Michael Hanna: Reconstruction of Lexical Resources using Large Language Models
Large language models (LLMs), typically neural networks pre-trained on vast amounts of unlabeled data, have become a standard tool in the NLP toolkit. They owe their ubiquity in large part to their high performance on downstream NLP tasks, which seems to imply a high degree of language understanding. Despite this, the amount of linguistic knowledge these LLMs capture is unclear. Studies have shown that LLMs capture semantic and syntactic relationships known to linguists; however, these LLMs have also been shown to ignore linguistic information in favor of heuristics when performing certain NLP tasks. Thus, much work remains to be done to discover the exact types of linguistic information learned by LLMs. In this project, I will examine LLMs’ knowledge of relationships from lexical semantics. Specifically, I will focus on its knowledge of hypernymy (X is a type of Y), and will potentially also examine holonymy (X is a part of Y) and synonymy. I have chosen these relationships because they are contained in WordNet, a linguistic resource that encodes, for each English word, its lexicosemantic relationships with other words. The goal for this project will be to extract these aforementioned relationships from LLMs. That is, given a LLM such as BERT, and a word such as “blue”, I plan to extract the word that BERT believes is its hypernym; in this case, we hope that BERT predicts “color”. Via repeated application of this technique, we can construct a graph of hypernym relations, in which words are connected to their hypernyms. In essence, I plan to reconstruct WordNet.

Niyati Bafna: Subword-based Cross-lingual Transfer of Embeddings from Hindi to Marathi
Subword-level embeddings are useful for many tasks, but require large amounts of monolingual data to train. While about 14 Indian languages such as Hindi, Bengali, Tamil, and Marathi have the required magnitudes of data and resources, most Indian languages are highly under-resourced; they have very little monolingual data and almost no parallel data, low internet presence and not much digitization. Some examples are Marwadi, Dogri, and Mundari. However, many of these languages have very close syntactic, morphological, and lexical connections to surrounding languages including the mentioned high-resource languages.

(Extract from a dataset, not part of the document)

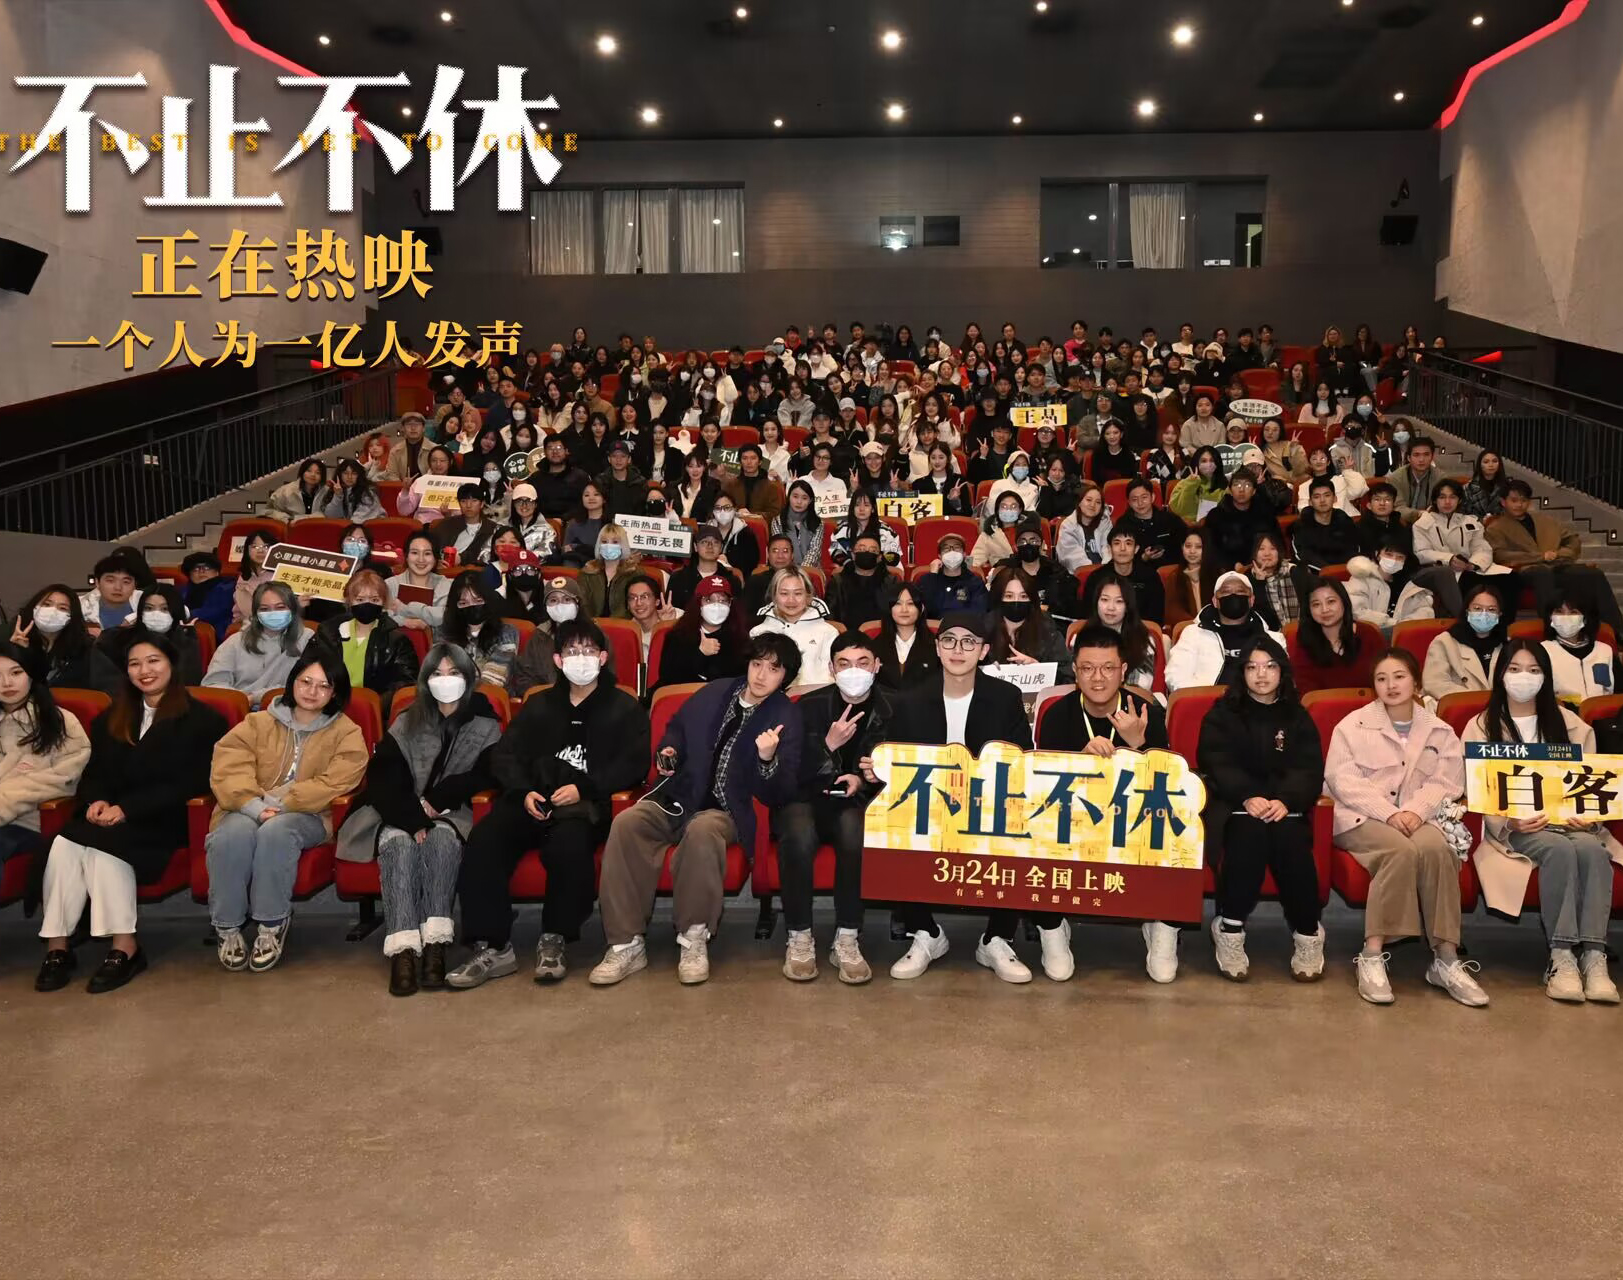 《不止不休》上海校园路演  观众赞电影真实鼓舞人心

Our approach aims to develop a method of bilingual transfer for subword-level embeddings, which leverages these connections, from high-resource languages to low-resource languages. We hope that developing methods to build embeddings for low-resource languages will aid further development of other NLP tools such as MT or speech tools for them. In this project, we work with Hindi and Marathi as our high-resource language (HRL) and low-resource language (LRL) respectively. We simulate a low-resource environment for Marathi; we are constrained in this project by the need for evaluation resources for the resulting embeddings. We hope to eventually apply this work to truly low-resource languages. To this purpose, we assume rich resources for Hindi, including large monolingual data (we use up to 2M sentences, containing 36M tokens), taggers, and robust embeddings. For Marathi, we only assume and use small monolingual data (50K sentences, containing 0.8M tokens). We evaluate the resulting embeddings using the publicly available Word Similarity dataset for Marathi. We also perform a second evaluation on Wordnet-Based Synonymy Tests (WBST), which we generate from the public Marathi Wordnet. This is intended to be a pilot work to a broader study that applies and perhaps adapts our given approach to a much larger coverage of different typologies of Indian languages and language pairs, in the hope of making it generalizable to truly low-resource languages.